(Data extracted from a collection)
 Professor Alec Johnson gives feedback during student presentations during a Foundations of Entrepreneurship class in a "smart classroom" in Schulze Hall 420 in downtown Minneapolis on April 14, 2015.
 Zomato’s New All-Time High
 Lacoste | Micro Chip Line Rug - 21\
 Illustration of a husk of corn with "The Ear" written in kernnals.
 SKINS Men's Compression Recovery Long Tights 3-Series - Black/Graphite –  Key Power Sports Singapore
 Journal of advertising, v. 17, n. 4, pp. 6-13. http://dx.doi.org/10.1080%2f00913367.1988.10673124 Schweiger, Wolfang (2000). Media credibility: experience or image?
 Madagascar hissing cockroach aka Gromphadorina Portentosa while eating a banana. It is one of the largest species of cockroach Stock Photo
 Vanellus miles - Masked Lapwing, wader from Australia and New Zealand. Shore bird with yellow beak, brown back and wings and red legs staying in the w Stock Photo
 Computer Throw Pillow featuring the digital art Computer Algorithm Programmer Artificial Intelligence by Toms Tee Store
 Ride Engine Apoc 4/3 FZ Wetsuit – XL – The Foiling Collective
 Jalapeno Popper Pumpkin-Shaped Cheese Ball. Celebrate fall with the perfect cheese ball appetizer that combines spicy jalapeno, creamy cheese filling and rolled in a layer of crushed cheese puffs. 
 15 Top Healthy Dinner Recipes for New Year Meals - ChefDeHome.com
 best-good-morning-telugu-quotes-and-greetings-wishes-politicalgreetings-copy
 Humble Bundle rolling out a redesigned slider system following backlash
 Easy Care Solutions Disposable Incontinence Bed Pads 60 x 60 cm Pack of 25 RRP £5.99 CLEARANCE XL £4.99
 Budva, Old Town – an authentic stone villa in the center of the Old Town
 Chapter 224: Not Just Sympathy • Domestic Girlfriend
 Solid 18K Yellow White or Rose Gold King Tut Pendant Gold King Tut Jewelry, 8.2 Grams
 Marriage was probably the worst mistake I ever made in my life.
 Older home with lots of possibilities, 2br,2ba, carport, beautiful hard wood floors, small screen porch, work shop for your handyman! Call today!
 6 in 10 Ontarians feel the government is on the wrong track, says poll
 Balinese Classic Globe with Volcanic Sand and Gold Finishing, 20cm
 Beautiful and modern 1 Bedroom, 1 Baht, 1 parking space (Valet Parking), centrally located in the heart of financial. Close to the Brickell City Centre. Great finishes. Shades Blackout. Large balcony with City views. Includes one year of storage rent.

Description of the task: The lines you return should be those above that contain the word "Photo", every one of them.

Result for this task:
 Madagascar hissing cockroach aka Gromphadorina Portentosa while eating a banana. It is one of the largest species of cockroach Stock Photo
 Vanellus miles - Masked Lapwing, wader from Australia and New Zealand. Shore bird with yellow beak, brown back and wings and red legs staying in the w Stock Photo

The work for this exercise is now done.